Por otro lado, Dean aparcaba el Impala frente a una estación de bomberos, bajo un árbol. Se bajó mirando un papelito y se acercó. El primero el atenderle fue un hombre corpulento, que se acercó a él con seriedad.
—Estoy buscando a una Helen…—no alcanzó a leer el apellido del papelito arrugado cuando el comisario frente a él llamó con voz estridente.
— ¡Miyo! —
Una mujer de unos 25 más o menos, bajó por las escaleras con bastante ánimo. Una mujer bastante excéntrica en su forma de actuar, se notaba en su caminar.
— ¿Usted me busca? —
Bastante extrañado de su actitud, Dean sólo asintió. Sacudió un poco el cerebro y se concentró.
— ¿Usted encontró esta madrugada a alguien en la playa, verdad? —
—Oh, sí, cielos… ¿cómo está él? —
—Respirando gracias a una máquina, sedado y con huesos rotos. Pero según el médico va a mejorarse. Quise venir porque le agradecería si usted pudiese decirme algunas cosas sobre lo que sucedió cuando lo encontró… por muy raro que fuese—
—De raro, nada. Lo encontré a las 05:20, cuando venía a empezar mi turno. Vi que había alguien tirado boca abajo en la orilla de la playa, al lado de los maderos. Fui a verlo, porque supuse que pudo haber sido alguien atacado por algún drogadicto o alguien en estado de ebriedad. No estoy muy segura de si seguía despierto, tenía los ojos un poco abiertos pero al verme no hizo nada. Sangraba mucho, así que llamé a la ambulancia y me fui cuando lo subieron y se fueron, aunque parece que el panorama no era muy bueno cuando lo subieron a la ambulancia—
—No, no lo era. Pero estamos esperando a que despierte ¿Es todo lo que recuerda? ¿Segura? ¿No dijo algo que pudiera llamar la atención? —
—No, no dijo nada. Pero parecía adolorido. Y a decir verdad, algo asustado. Lo sostuve un momento, lo abrigué, no sé si aún tendrá mi chaqueta… y cuando llegaron los paramédicos no quiso soltarme. Lamento no poder ayudar más, pero es todo lo que recuerdo—
—Si recuerda algo más… sería de mucha ayuda si pudiese contactarme—en lugar de entregar una tarjeta del FBI o algo por el estilo, Dean anotó su propio número. Miyo sólo le sonrió.

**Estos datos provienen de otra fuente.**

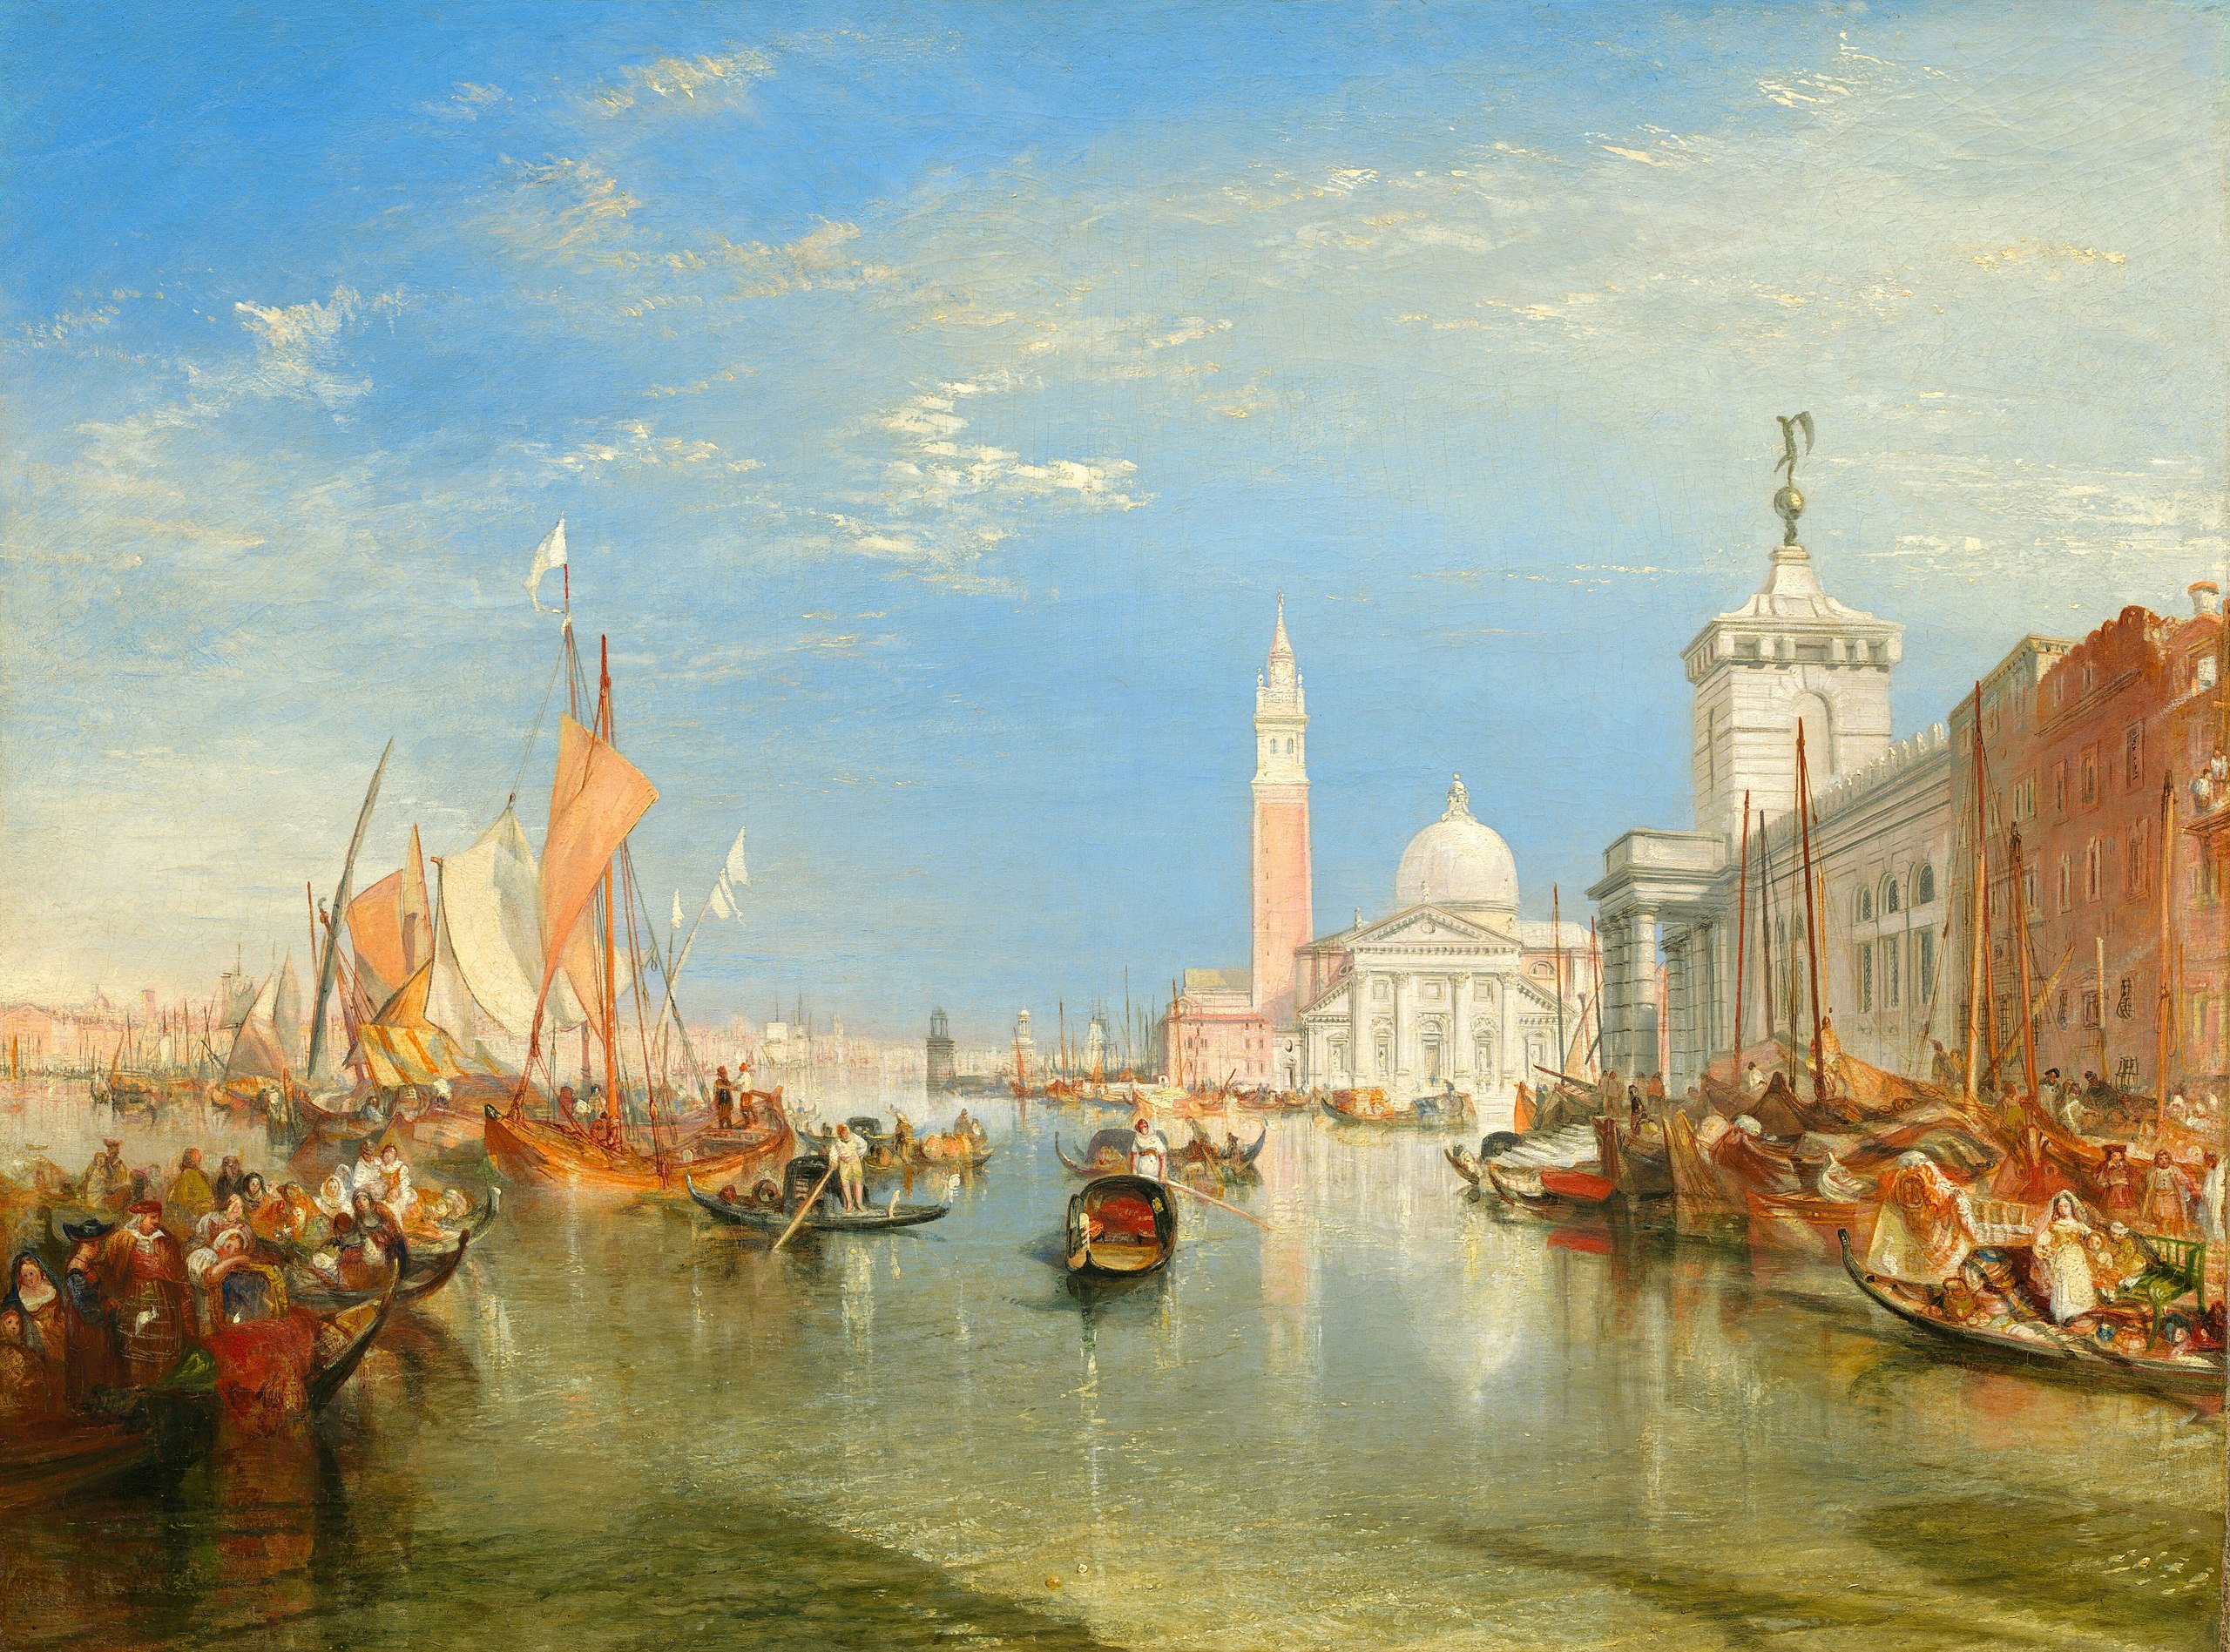 Venise : La Dogana et San Giorgio Maggiore by Joseph Mallord William Turner - 1834 - 91.5 x 122 cm

—Va a mejorarse—le dijo, al darse cuenta del semblante bajo de Dean frente a ella.
—Si… supongo. Esperamos que despierte—
Ella lo miró un momento. Se bajó un poco el cierre del cortaviento que llevaba y le entregó un rosario.
—Ten. Va a protegerlo de todo lo malo—sonrió, sosteniéndolo entre las manos de Dean. Él, en cambio, no sabía qué decir. Terminó agradeciendo y dando media vuelta para volver al Chevrolet. Dejó el rosario en el asiento del copiloto y lo observó un segundo mientras encendía el motor. Tal vez era demasiado tarde para protegerlo de todos los males.
###
A Balthazar tampoco le sirvió la información que Miyo había entregado. La verdad no servía de nada. No había pista de Lucifer, y si pensaban en que Dios lo hubiera regresado —nuevamente— al mundo de los vivos lo hubiera devuelto en un mejor estado, como solía, y no agonizante, necesitado de desfibrilador y de respiración, y totalmente humano.
—Entonces… ¿descartamos totalmente a Dios como… responsable de traerlo de vuelta? —preguntó Sam.
—Si, si hubiera sido él, Cass tendría alas y no estaría drogado—reclamó Balthazar. Parecía molesto, pero los Winchester decidieron no preguntar y seguir exentos a esa actitud.
— ¿Y Lucifer? —
—Si Lucy lo hubiera devuelto queda la pregunta de por qué. Y por qué 75 años después, todo hecho mierda—
75 años sonaba largo. Y desesperante. Ambos habían estado en el Infierno y el tiempo allí era una tortura.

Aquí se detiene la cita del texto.